▶ [Records to process]:
# # # #

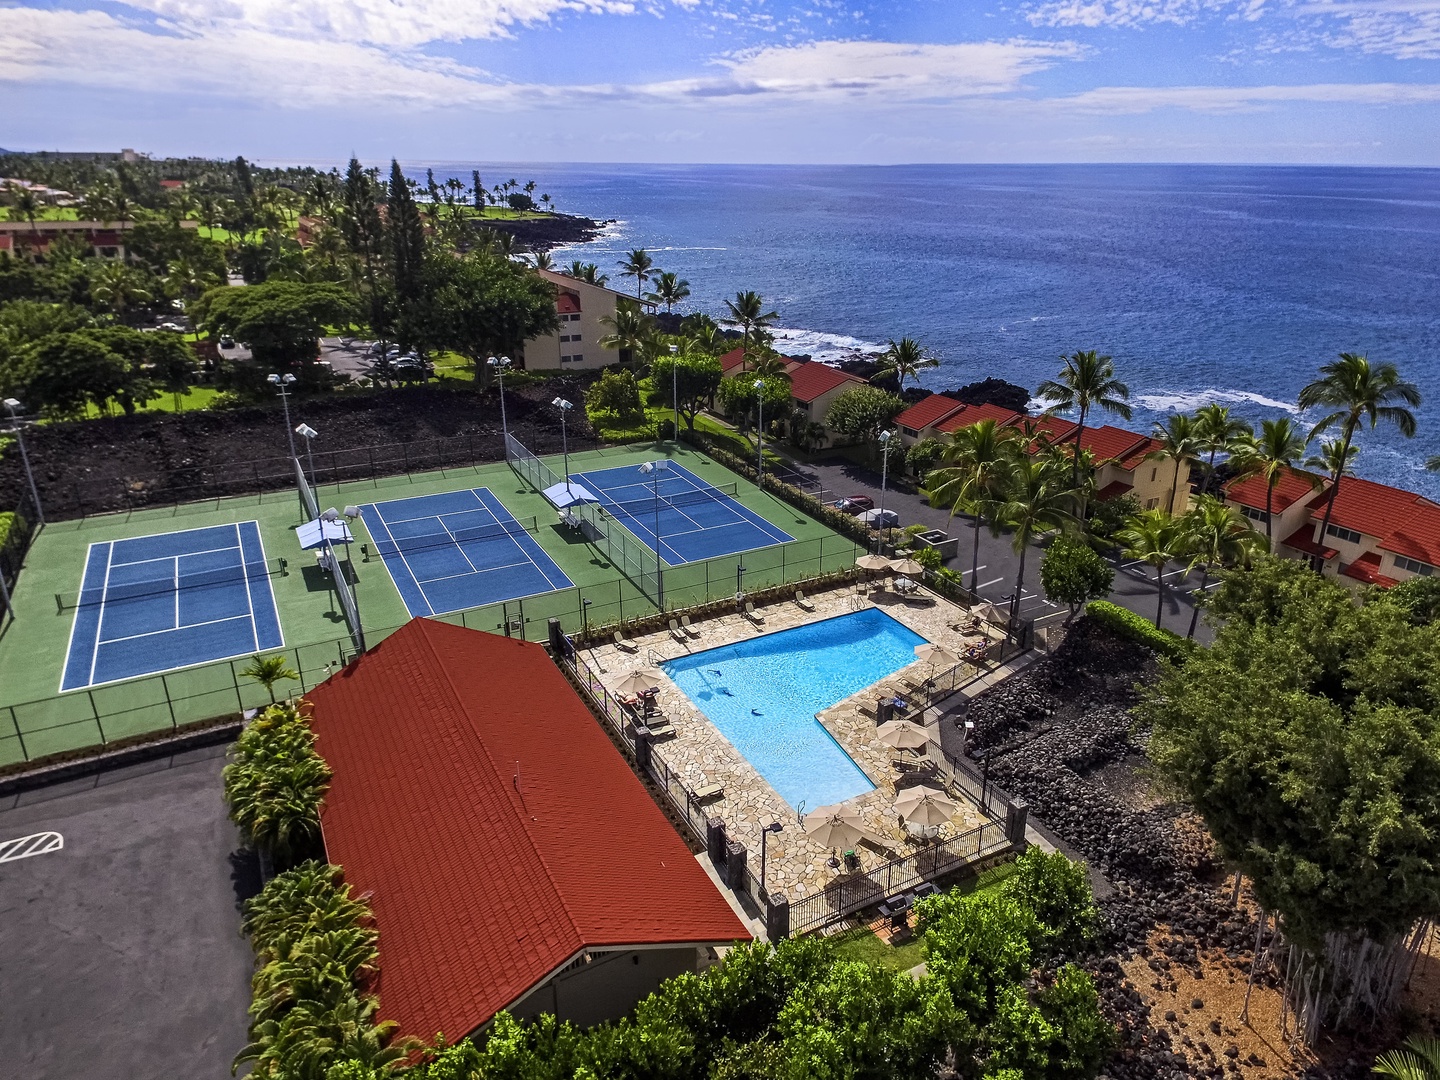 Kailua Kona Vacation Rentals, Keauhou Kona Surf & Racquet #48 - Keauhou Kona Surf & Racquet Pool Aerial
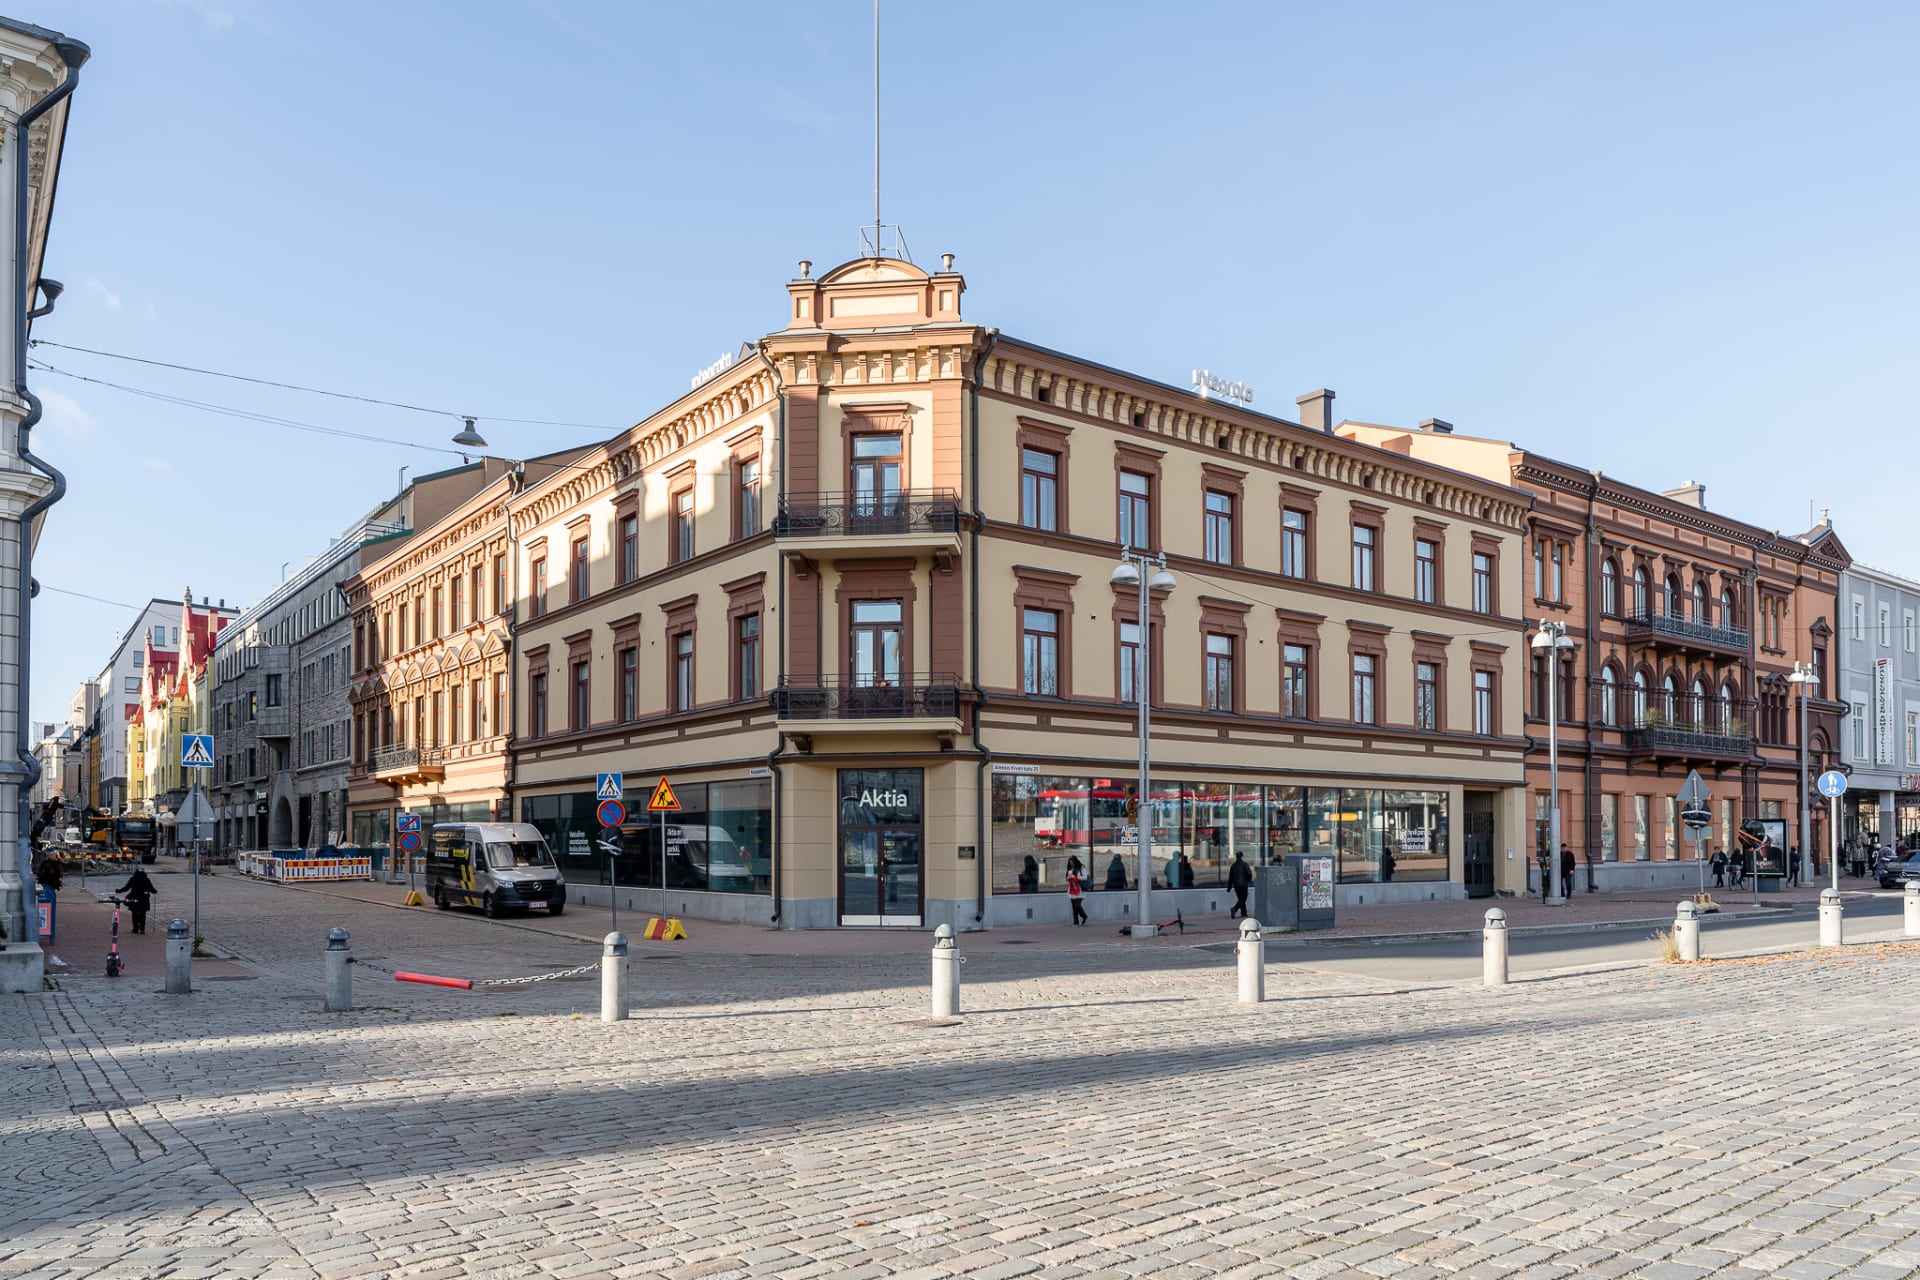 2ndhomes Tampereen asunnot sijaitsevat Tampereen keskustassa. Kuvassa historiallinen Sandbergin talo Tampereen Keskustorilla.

# # # #

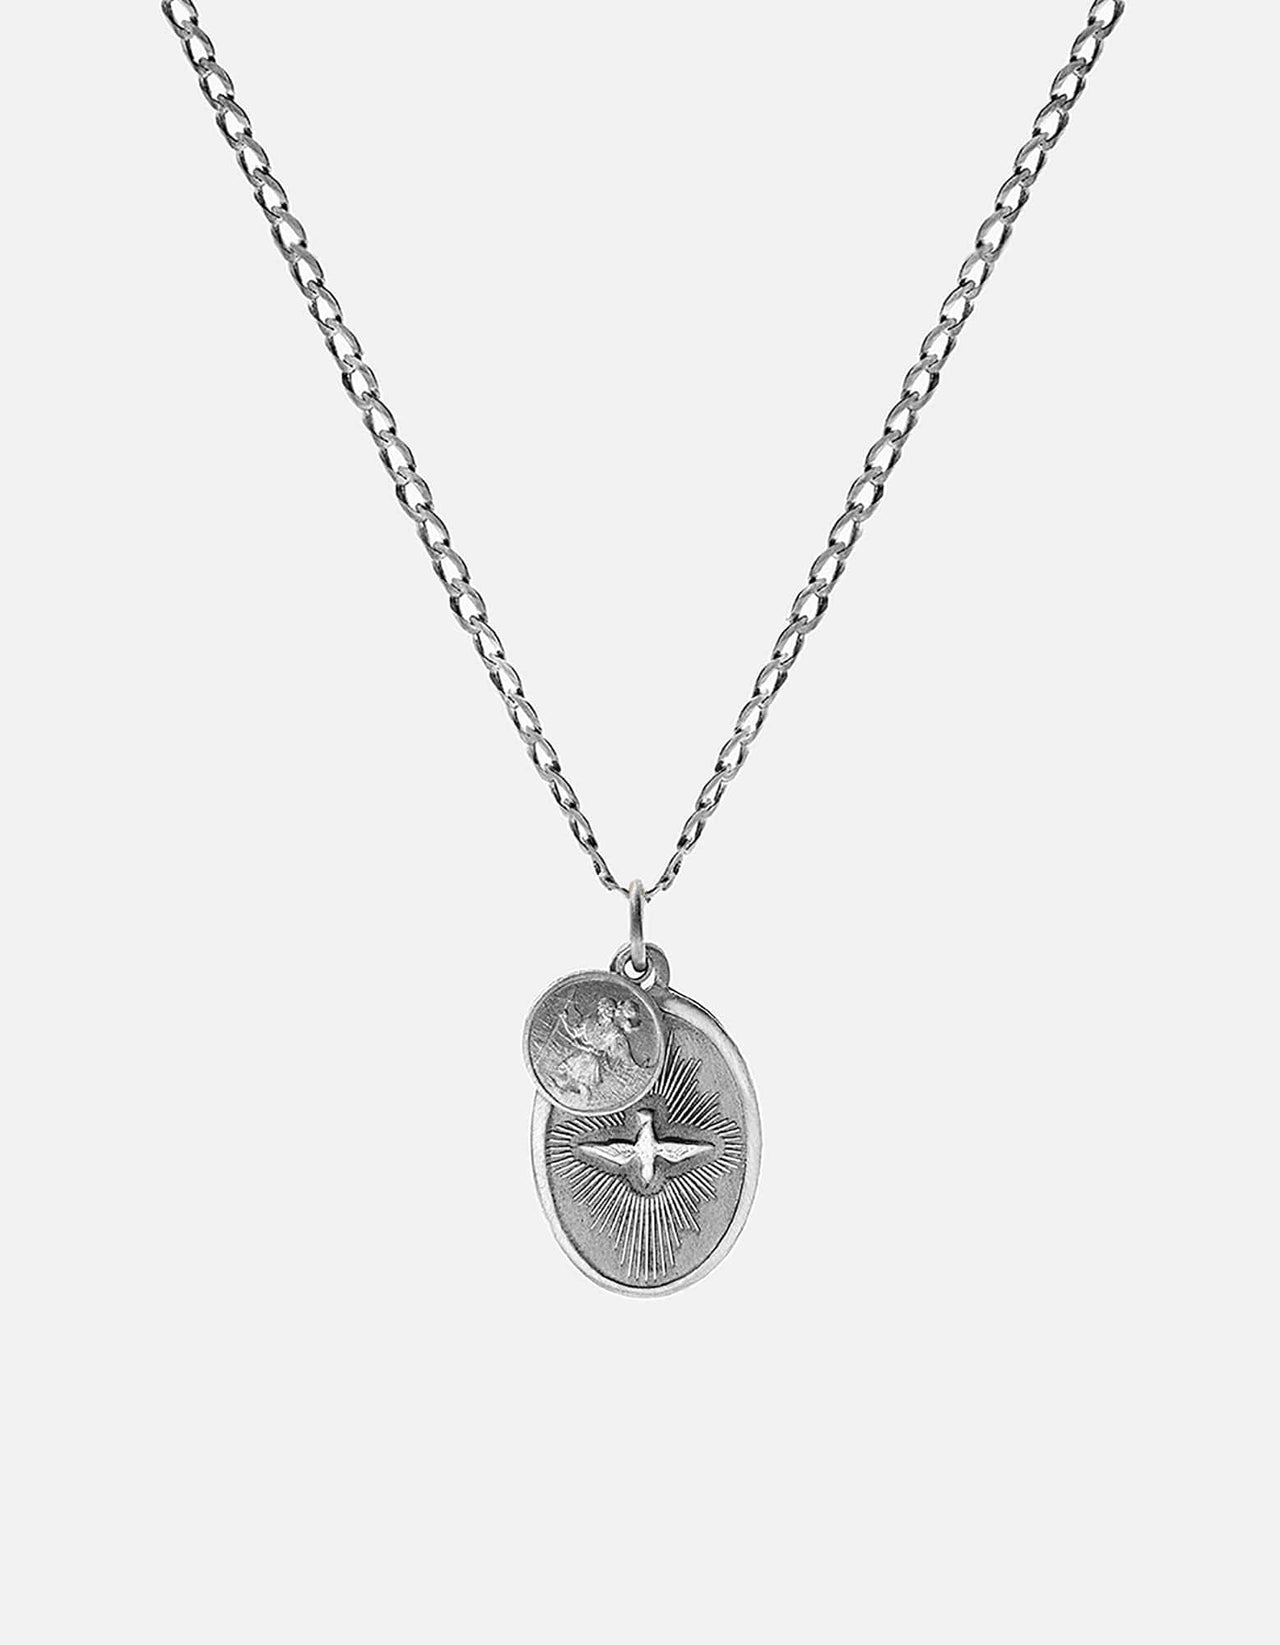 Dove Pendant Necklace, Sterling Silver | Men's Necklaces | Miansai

# # # #

▶ [Work instruction]:
Look above for the line containing "Kailua Kona Vacation", then copy exactly from it through the line containing "2ndhomes Tampereen asunnot", keeping both and leaving out pictures. Add nothing else.

▶ [Result of this exercise]:
 Kailua Kona Vacation Rentals, Keauhou Kona Surf & Racquet #48 - Keauhou Kona Surf & Racquet Pool Aerial
 2ndhomes Tampereen asunnot sijaitsevat Tampereen keskustassa. Kuvassa historiallinen Sandbergin talo Tampereen Keskustorilla.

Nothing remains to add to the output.